Page 13 of The Interestings


  “. . . And the ocean belongs to me, just me

  I really don’t want to share this sea

  Maybe I’m really, really selfish

  But selfishness is something that happens to shellfish . . .”

  “The last two lines are a little artless,” Barry said. “Selfishness doesn’t ‘happen’ to someone. It’s how they behave. Plus, you’re squeezing too many words in there. And ‘really, really’ isn’t a good idea in a song. But never mind, the concept is solid. A selfish shellfish who wants the whole ocean to himself! Oh, man, you’re a genius, lad.”

  Barry never took Jonah back to his mother’s hotel suite until he was himself again. “By which I mean,” said Barry, “your regular-world self. Not your creatively inspired old-soul self, which I somehow seem to bring out in you.” Never once did Jonah tell anyone about how he felt when he and Barry were alone for hours, and never once did anyone suspect anything unusual. Susannah herself said she was grateful that Jonah had a father figure; his biological father, she’d told him when he was young, had been a one-night stand, a folk archivist from Boston named Arthur Widdicombe, whom she’d introduced to Jonah when he was six. Arthur was a solemn young man with a shabby jacket and a patrician face, as well as the same long-lashed eyes as his son. He gripped a bursting old briefcase stuffed with papers about the history of American folk music and political activism from Joe Hill on upward. Arthur had come to the Watts Street loft to visit them exactly once, smoking heavily and anxiously, and then when a reasonable amount of time had passed he charged out as if sprung from a taxing labor. “I think you must have spooked him,” Susannah remarked after he suddenly left.

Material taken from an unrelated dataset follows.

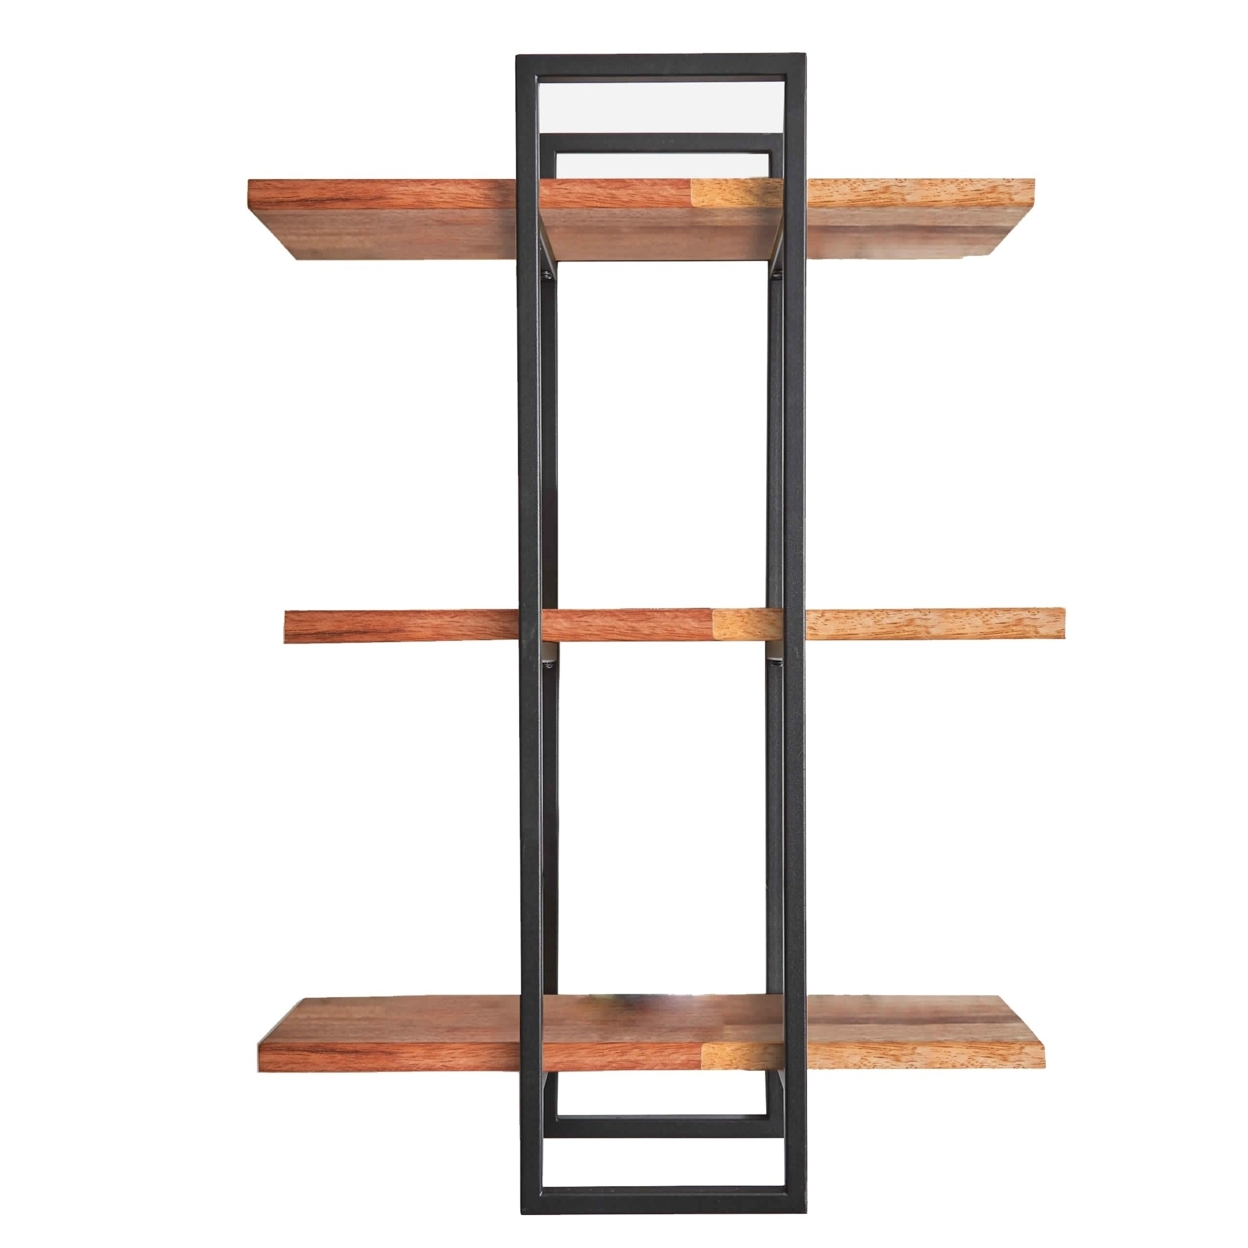 3 Tier Wood And Metal Frame Wall Display With Tubular Frame, Brown And Black- Saltoro Sherpi

  “What did I do?” Jonah had sat very quietly and respectfully throughout his biological father’s visit. At his mother’s urging he had offered Arthur Widdicombe a cup of hawthorn tea.

  “You existed,” said his mother.

  Sometimes after that day Arthur’s name would come up, but not very often, and it wasn’t as if Jonah pined for him. To say that Barry Claimes became a father figure was a wild overstatement—God knows it hadn’t happened at all back when Barry was sleeping with Susannah—though maybe his relationship with Barry was more father-son than Jonah imagined, for he felt greatly ambivalent about Barry, which was the way most sons seemed to feel about their fathers. Only when those fathers were not on the premises could they be elevated and deified. Barry Claimes was kind of a pain in the ass. He was pushy, he was demanding, and when Jonah didn’t feel like playing music into Barry’s tape recorder, Barry sometimes got annoyed, or became cold, and then Jonah had to apologize and try to get Barry to pay attention to him again. “Look, look, I’m singing another song for you,” Jonah would say, and he would grab the guitar or the banjo and make up something on the spot.

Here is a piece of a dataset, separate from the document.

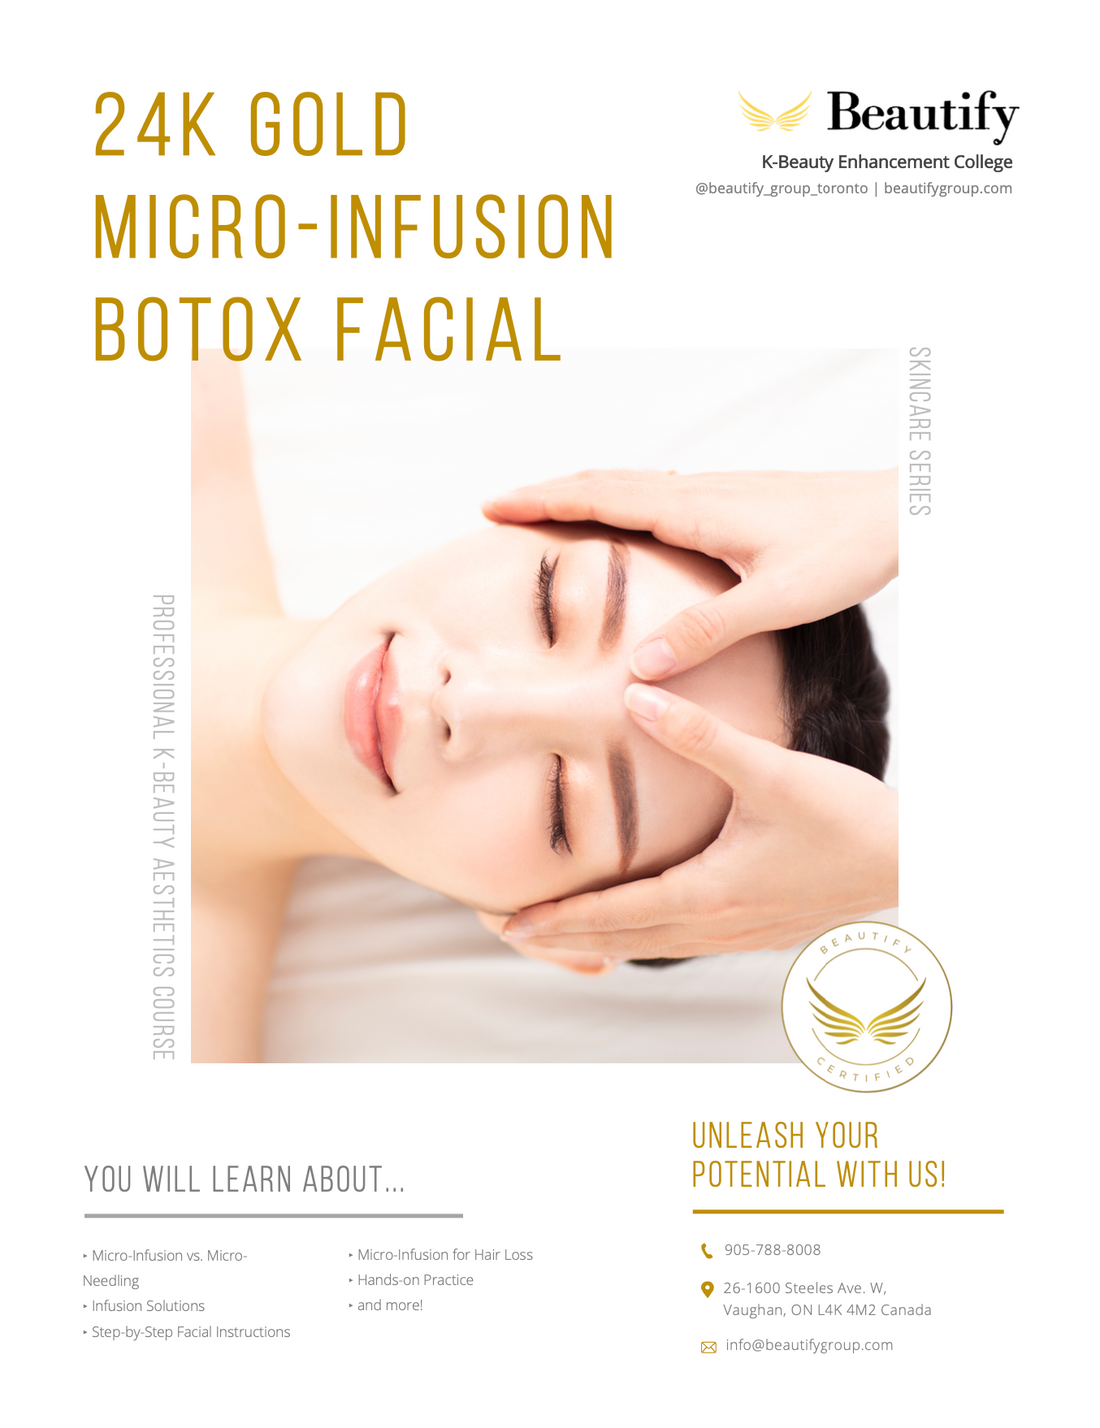 24K Gold Micro-Infusion Botox Facial Course

  Somewhere around age twelve, it was as if Jonah Bay finally understood that what had been happening for a year whenever he saw Barry had been happening to him. He thought back on all those long days he’d spent with this member of the Whistlers in rented houses and hotel suites, “going creatively insane,” as they had ended up calling it, and then sitting around for hours with Barry, writing dumb lyrics, becoming afraid, being soothed, pacing, feeling his jaw tighten, swimming in pools and in the ocean, and once eating a hamburger at a drive-through and feeling the burger pulse in his hands as though the chopped-up cow still somehow managed to have a heartbeat in its chopped-up heart. (This would be the last time Jonah ever ate meat in his life.) All those sensations and behaviors weren’t those of a schizophrenic, or a “creatively insane” person, or an old soul. They were, Jonah finally, finally knew—and it had taken him almost a full year to know this—the sensations and behaviors of a person under the influence.

  Back home in New York City for a few unbroken weeks, Jonah walked to a bookstore on the Lower East Side. Grown men and women stood around looking at novels and art books and the Partisan Review and the Evergreen Review. Jonah went to the counter and nervously whispered to a sales clerk, “Do you have books about drugs?”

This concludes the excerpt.